Concerned about Ghosts after Temple’s encounter, Dab Sweet had led the Fellowship into a dry expanse of parched grass and sun-bleached bramble, where you only had to look at the desiccated ground to stir up dust. The further back in the column you were, the closer companions you and dust became, and Temple had spent six days at the very back. Much of the time it blotted out the sun and entombed him in a perpetual soupy gloom, landscape expunged, wagons vanished, often the cattle just ahead made insubstantial phantoms. Every part of him was dried out by wind and impregnated by dirt. And if the dust did not choke you the stink of the animals would finish the job.

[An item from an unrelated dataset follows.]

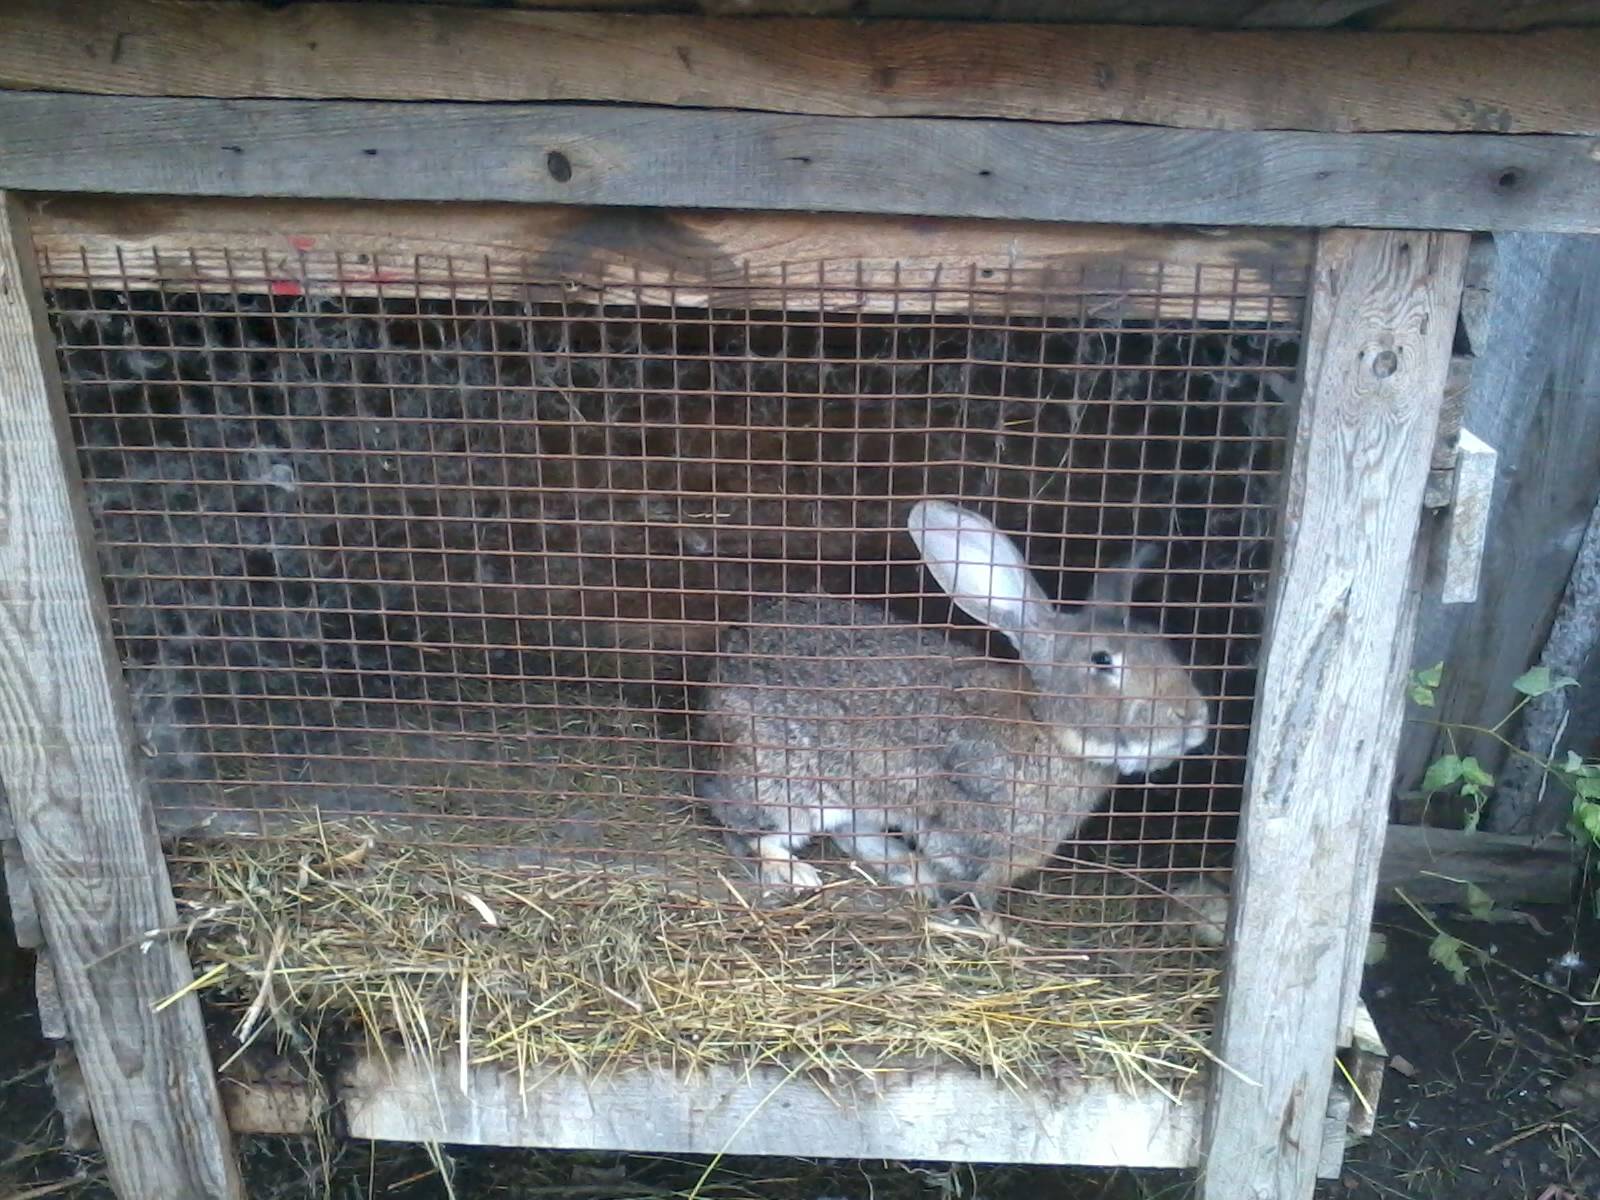 Выращивание кроликов на мясо в домашних условиях

He could have achieved the same effect by rubbing his arse with wire wool for fourteen hours while eating a mixture of sand and cow-shit.

No doubt he should have been revelling in his luck and thanking God that he was alive, yet he found it hard to be grateful for this purgatory of dust. Gratitude and resentment are brothers eternal, after all. Time and again he considered how he might escape, slip from beneath his smothering debt and be free, but there was no way out, let alone an easy one. Surrounded by hundreds of miles of open country and he was imprisoned as surely as if he had been in a cage. He complained bitterly to everyone who would listen, which was no one. Leef was the nearest rider, and the boy was self-evidently in the throes of an adolescent infatuation with Shy, had cast her somewhere between lover and mother, and exhibited almost comical extremes of jealousy whenever she talked or laughed with another man, which, alas for him, was often. Still, he need not have worried. Temple had no romantic designs on the ringleader of his tormentors.